Since no findings were made in the state court action, one can only speculate as to precisely when in the continuum the damages began to accrue. Even if the first two claims for relief were difficult to prove, the settling parties did not separately quantify the proceeds relative to each claim. Mrs. Larsen’s counsel testified here that neither he nor the Larsens specifically calculated the actual damages relating to each separate claim. Furthermore, the doctrine of res judicata now bars such a calculation.

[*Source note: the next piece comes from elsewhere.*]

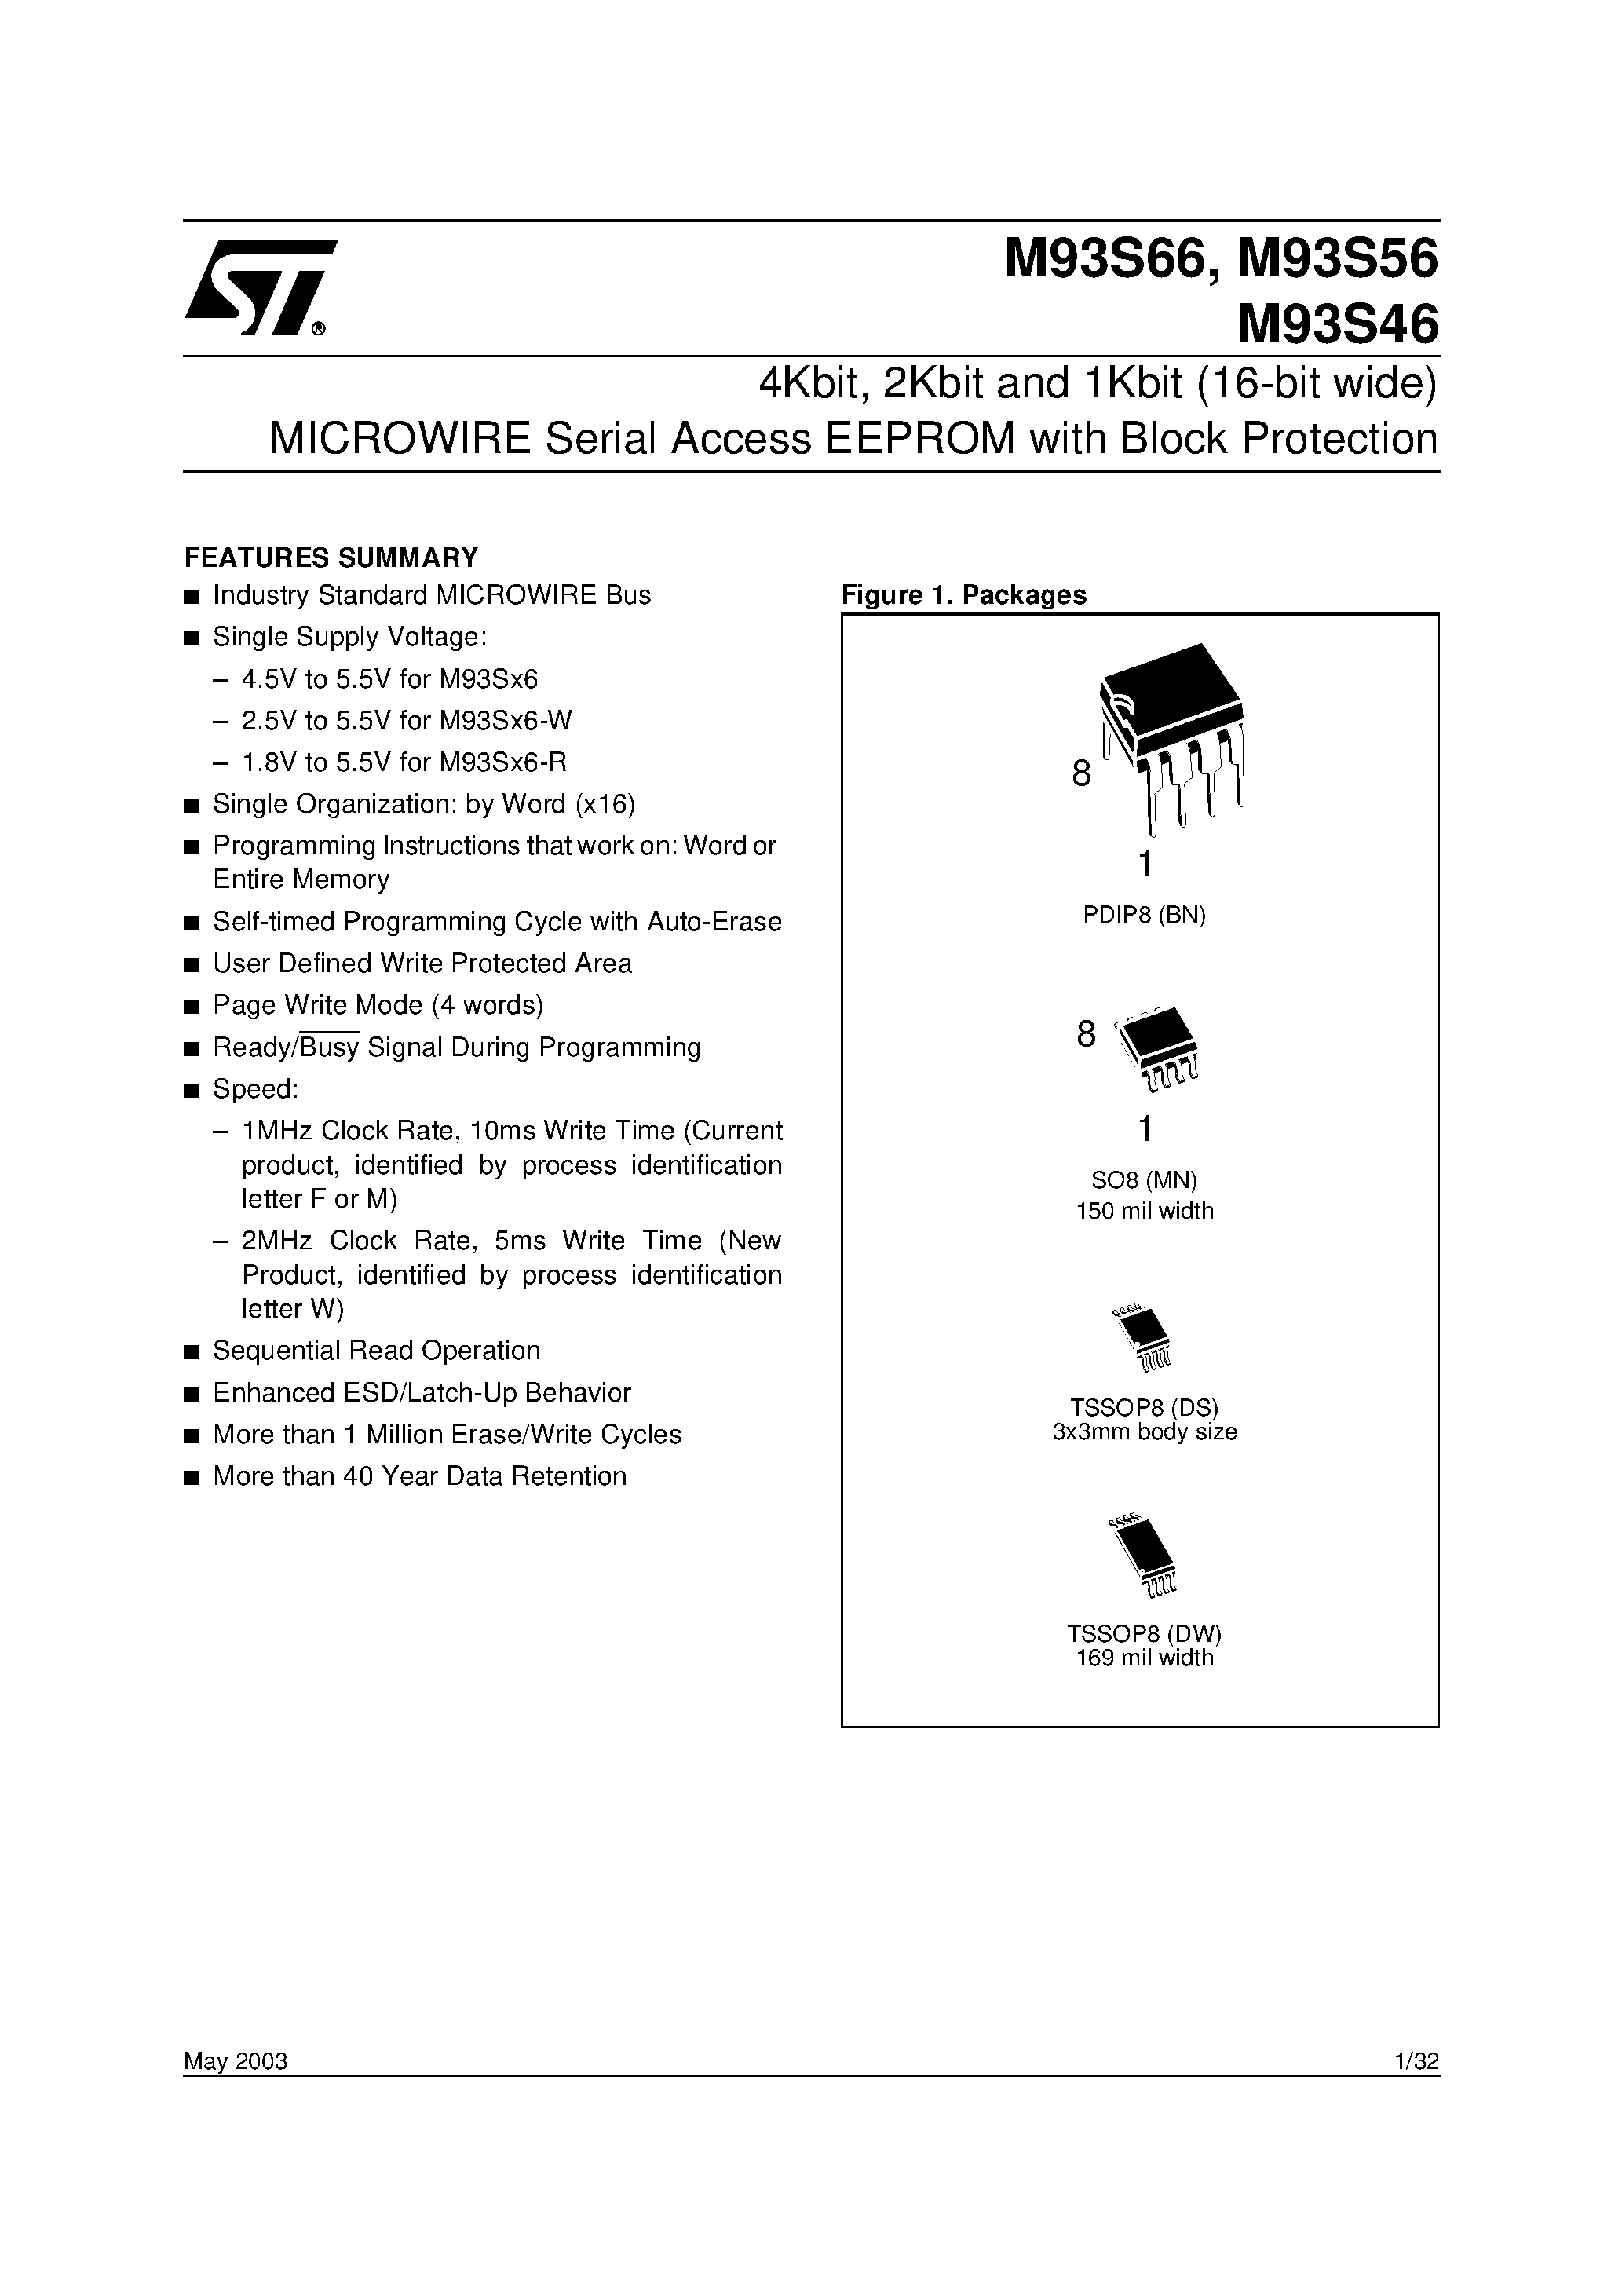 Datasheet M93S66 - 4Kbit / 2Kbit and 1Kbit 16-bit wide MICROWIRE Serial Access EEPROM with Block Protection page 1

Other evidence admitted here shows that Mr. Andrews’ counsel thought the breach of fiduciary duty claim meritless. Without addressing the merits of that claim, it is as plausible that damages began to accrue when Mr. Andrews sent the letter to the Larsens as it is to assume the damages accrued strictly after the indictment. The court concludes that the alleged damages on the breach of fiduciary duty claim arose at least in part “up to the date of filing the (chapter 13) petition.”
Conclusion
The court concludes that the consideration paid through settlement of the state court malpractice action was proceeds relating to the entire case, including claims for damages existing on the date of filing the chapter 13 petition. Pursuant to the settlement and *816Agreed Order with the IRS, those funds are collateral of the IRS. ■
Accordingly, the motion of the Internal Revenue Service is granted and the standing chapter 13 trustee is hereby ORDERED to forthwith turn over to the Internal Revenue Service, or its agent, the funds received from the Clerk of the Ninth Judicial District Court for the State of Wyoming paid in case no. 94-20052 and through Probate No. 8932.